Denoising Vision Transformers

We delve into a nuanced but significant challenge inherent to Vision Transformers (ViTs): feature maps of these models exhibit grid-like artifacts, which detrimentally hurt the performance of ViTs in downstream tasks. Our investigations trace this fundamental issue down to the positional embeddings at the input stage. To address this, we propose a novel noise model, which is universally applicable to all ViTs. Specifically, the noise model dissects ViT outputs into three components: a semantics term free from noise artifacts and two artifact-related terms that are conditioned on pixel locations. Such a decomposition is achieved by enforcing cross-view feature consistency with neural fields in a per-image basis. This per-image optimization process extracts artifact-free features from raw ViT outputs, providing clean features for offline applications. Expanding the scope of our solution to support online functionality, we introduce a learnable denoiser to predict artifact-free features directly from unprocessed ViT outputs, which shows remarkable generalization capabilities to novel data without the need for per-image optimization. Our two-stage approach, termed Denoising Vision Transformers (DVT), does not require re-training existing pre-trained ViTs and is immediately applicable to any Transformer-based architecture. We evaluate our method on a variety of representative ViTs (DINO, MAE, DeiT-III, EVA02, CLIP, DINOv2, DINOv2-reg). Extensive evaluations demonstrate that our DVT consistently and significantly improves existing state-of-the-art general-purpose models in semantic and geometric tasks across multiple datasets (e.g., +3.84 mIoU). We hope our study will encourage a re-evaluation of ViT design, especially regarding the naive use of positional embeddings.

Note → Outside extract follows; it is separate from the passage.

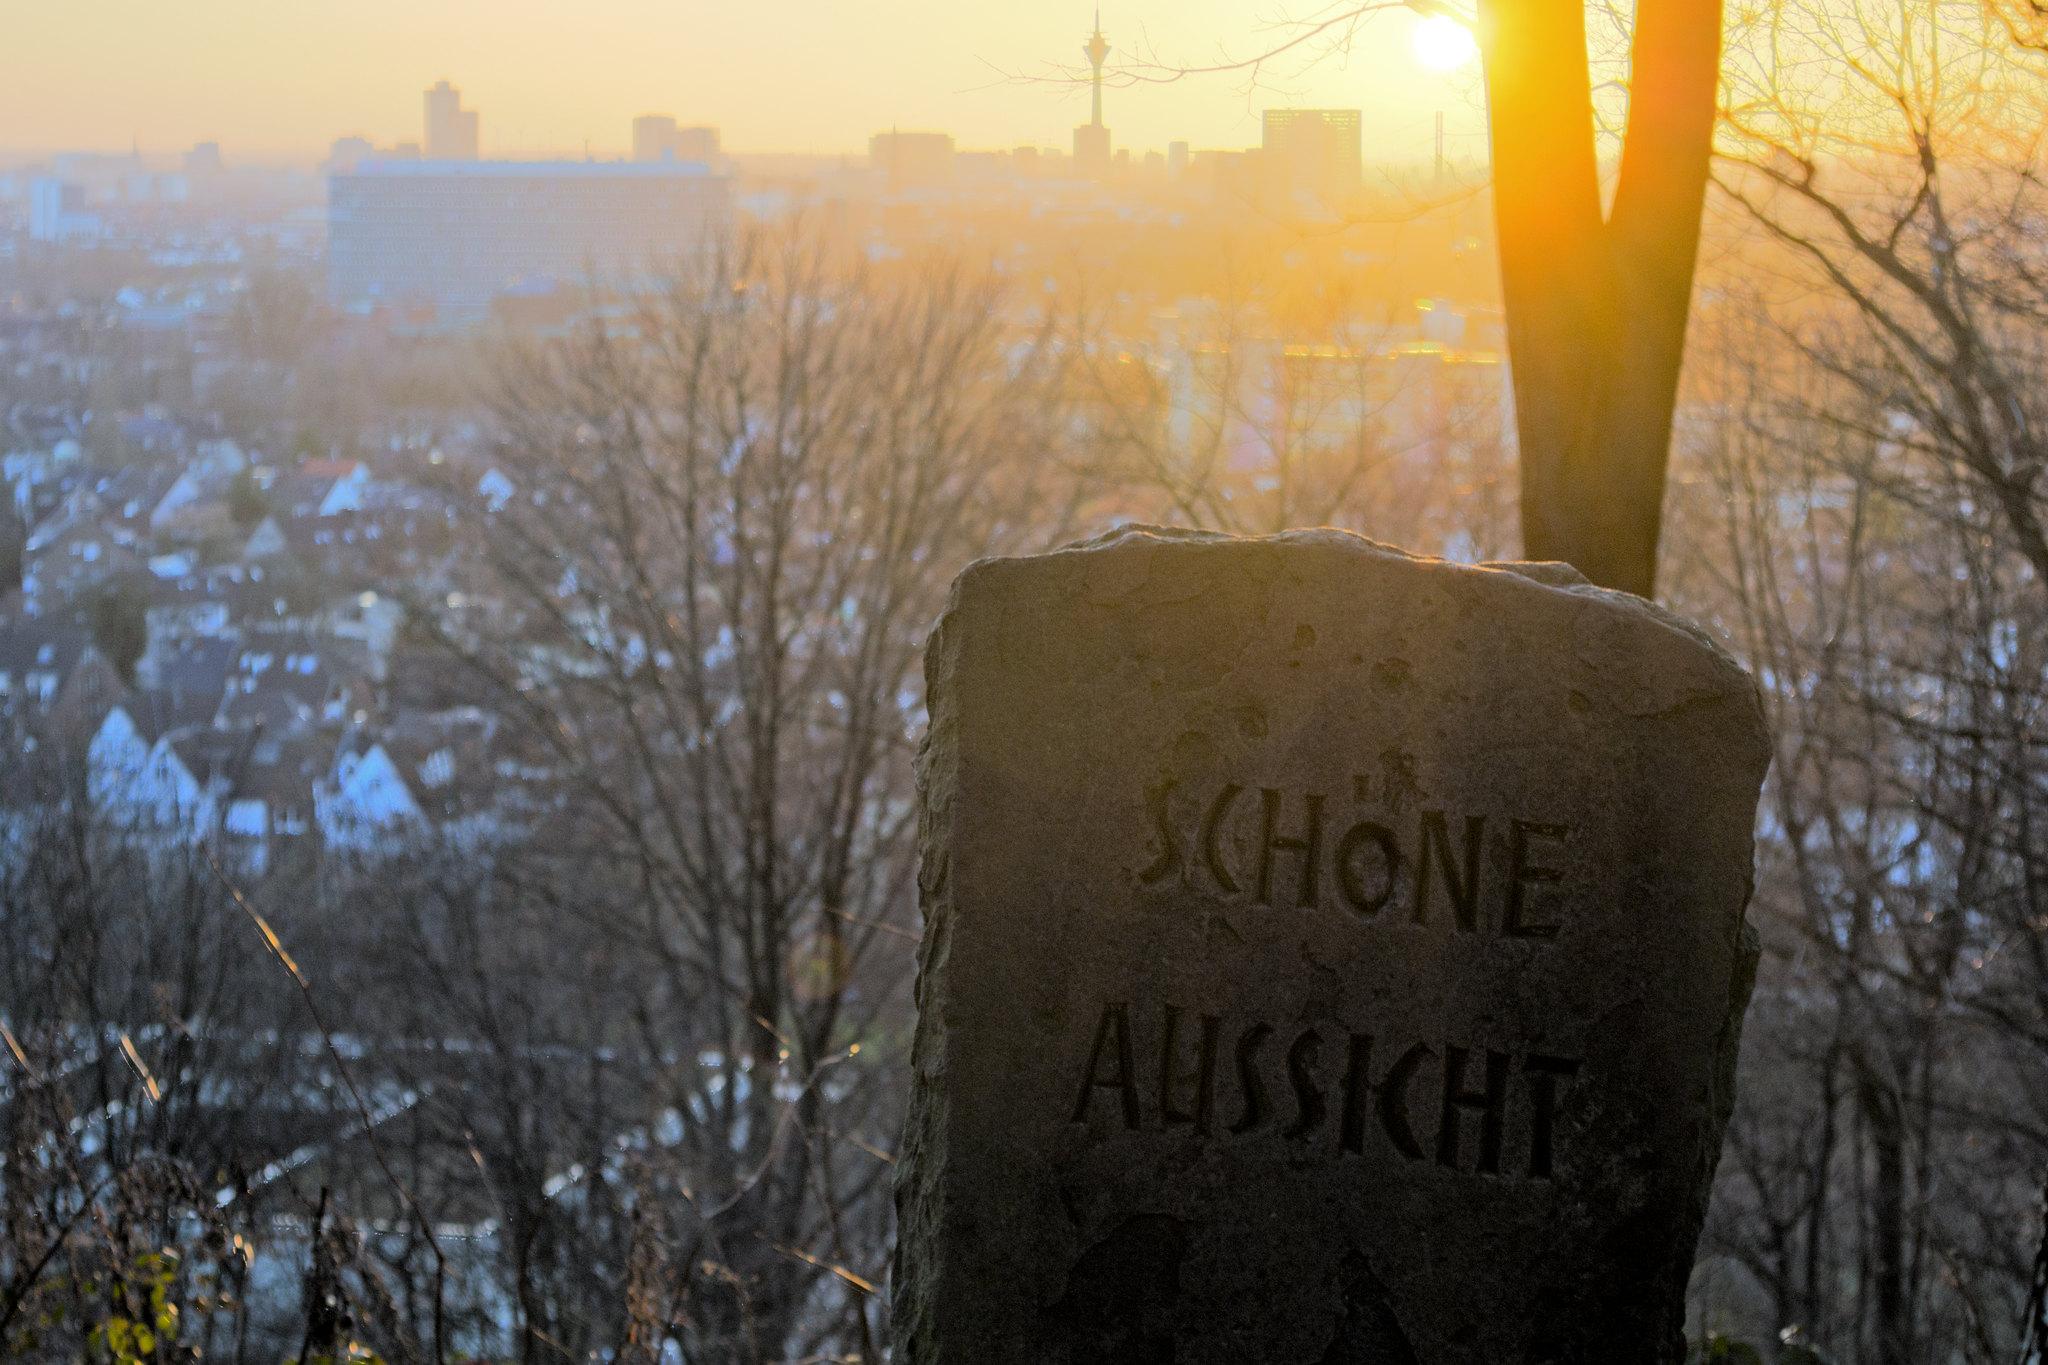 """Schöne Aussicht (Bildbeschreibung: Im Vordergrund rechts steht eine Steinplatte, in die """"SCHÖNE AUSSICHT"""" eingemeißelt wurde, dahinter ragt ein Baum mit zwei massiven Stämmen empor. Rundherum befinden sich Äste der umliegenden Bäume. Im Hintergrund befinden sich viele Häuser, auf die man von schräg oben herabblicken kann und dahinter am Horizont die Silhouetten der Düsseldorfer Skyline mit dem Rheinturm. Von oben, neben bzw. hinter dem Baum scheint die goldgelbe Sonne und illuminiert alles in warmen, weichen Farben. Es ist kurz vor dem Sonnenuntergang.)"""

翻译：我们深入探讨了视觉变压器（Vision Transformers, ViTs）中一个细微但重要的挑战：这些模型的特征图呈现出网格状伪影，这对ViT在下游任务中的性能造成不利影响。我们的研究将这一根本问题追溯至输入阶段的位置嵌入。为解决此问题，我们提出了一种对所有ViT普遍适用的新型噪声模型。具体而言，该噪声模型将ViT输出分解为三个部分：一个无噪声伪影的语义项，以及两个与像素位置相关的伪影项。这种分解通过在每张图像上利用神经场强制视图间特征一致性来实现。这种逐张图像优化过程从原始ViT输出中提取无伪影特征，为离线应用提供干净的特征。为扩展解决方案以支持在线功能，我们引入了一个可学习的去噪器，直接从未处理的ViT输出中预测无伪影特征，展现出对新颖数据的显著泛化能力，无需逐张图像优化。我们的两阶段方法称为去噪视觉变压器（Denoising Vision Transformers, DVT），无需重新训练现有的预训练ViT，即可立即应用于任何基于Transformer的架构。我们在多种代表性ViT（DINO、MAE、DeiT-III、EVA02、CLIP、DINOv2、DINOv2-reg）上评估了我们的方法。大量评估表明，我们的DVT在多个数据集的语义和几何任务上持续且显著地提升了现有最先进通用模型的性能（例如+3.84 mIoU）。我们希望本研究能促使对ViT设计进行重新评估，特别是在位置嵌入的简单使用方面。